In the TypeC example, encoding a float with no fractional part presents some interesting challenges. And a decimal with no fractional part sounds like scale: 0.

Also, perhaps the TypeD example is already covered by timestamp_precision: second?

popematt commented 2 years ago

Hey, thanks for the input @pbcornell! Even if you are missing some context, I think I agree with everything you've brought up.

Based on everyone's feedback, I have come to see that my suggested generalization was an interesting idea, but not a good fit for Ion Schema.

Here's where I think we are at right now with the float_type constraint. We can all agree that it is useful and should be introduced to Ion Schema. We agree that it should be able to detect not just when a number would overflow or underflow a particular float interchange format (as in the original implementation), but also when a that float interchange format does not have the necessary precision to represent the number (ie. a binary64 float that must be rounded if stored as binary32). I think we all agree that the constraint should not be checking the actual text/binary encoding or DOM representation of the value.
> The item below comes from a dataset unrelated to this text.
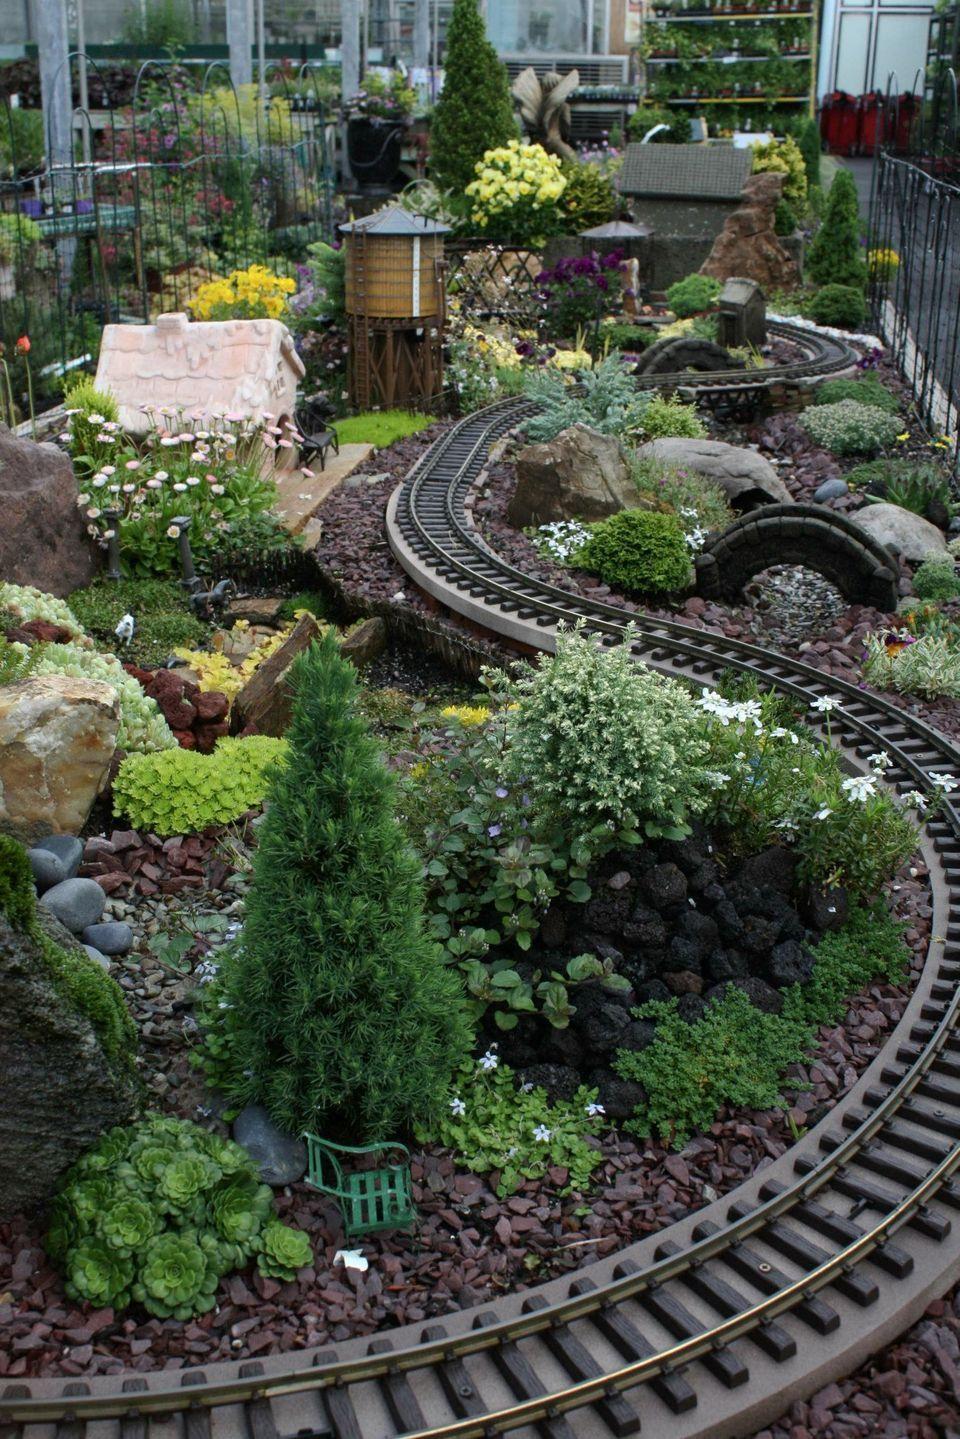 Amazing Diy Mini Fairy Garden For Miniature Landscaping 68 Miniature Garden Miniature Fairy Gardens Garden Trains Diy backyard train plans

Here are the things I think we still need to address.

Naming

It would be nice to have some name other than float_type, since type is such an overloaded term. Other possibilities might be float_format or float_size, but these names seem to imply something about the backing representation of the number. Ideally, we would have a name that does not imply something about the backing representation of the number. However, if we can't think of anything better than float_type, I don't think this should be a blocker.

Applicability

I think there are two use cases for making this constraint apply to all number types—not just floats.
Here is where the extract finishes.